» **Exercise details**
From the data below, copy exactly the lines that lie between the one holding "Blonde Woman Wearing" and the one holding "https___www.dgstudio.com_ Digital Marketing", including both, and nothing more.

BEGIN Information given

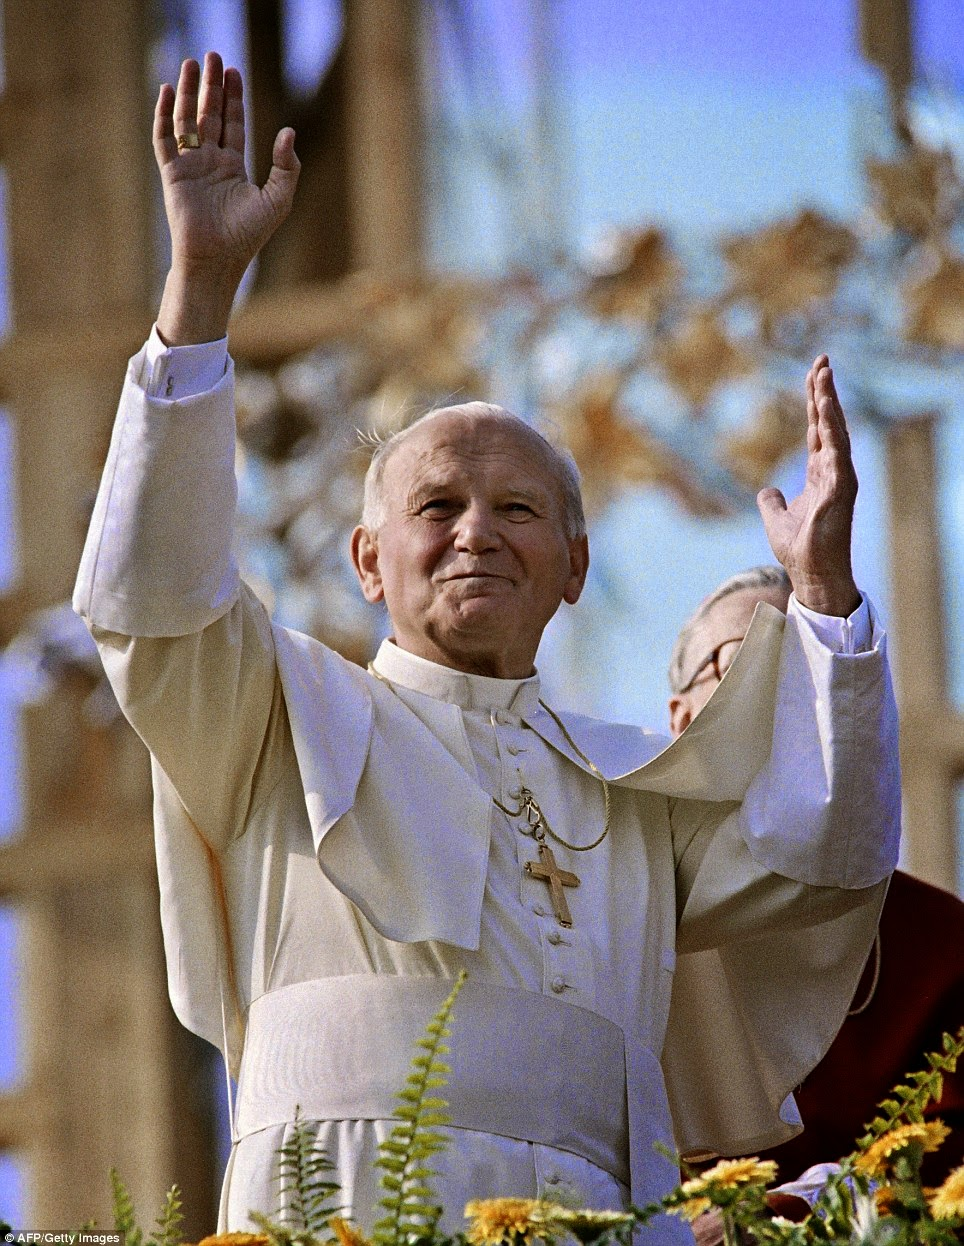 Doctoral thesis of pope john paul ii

END Information given
BEGIN Information given

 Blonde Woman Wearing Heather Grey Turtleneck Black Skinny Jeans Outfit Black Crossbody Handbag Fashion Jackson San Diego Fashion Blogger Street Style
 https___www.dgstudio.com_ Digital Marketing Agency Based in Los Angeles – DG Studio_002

END Information given

» **Reply**
 Blonde Woman Wearing Heather Grey Turtleneck Black Skinny Jeans Outfit Black Crossbody Handbag Fashion Jackson San Diego Fashion Blogger Street Style
 https___www.dgstudio.com_ Digital Marketing Agency Based in Los Angeles – DG Studio_002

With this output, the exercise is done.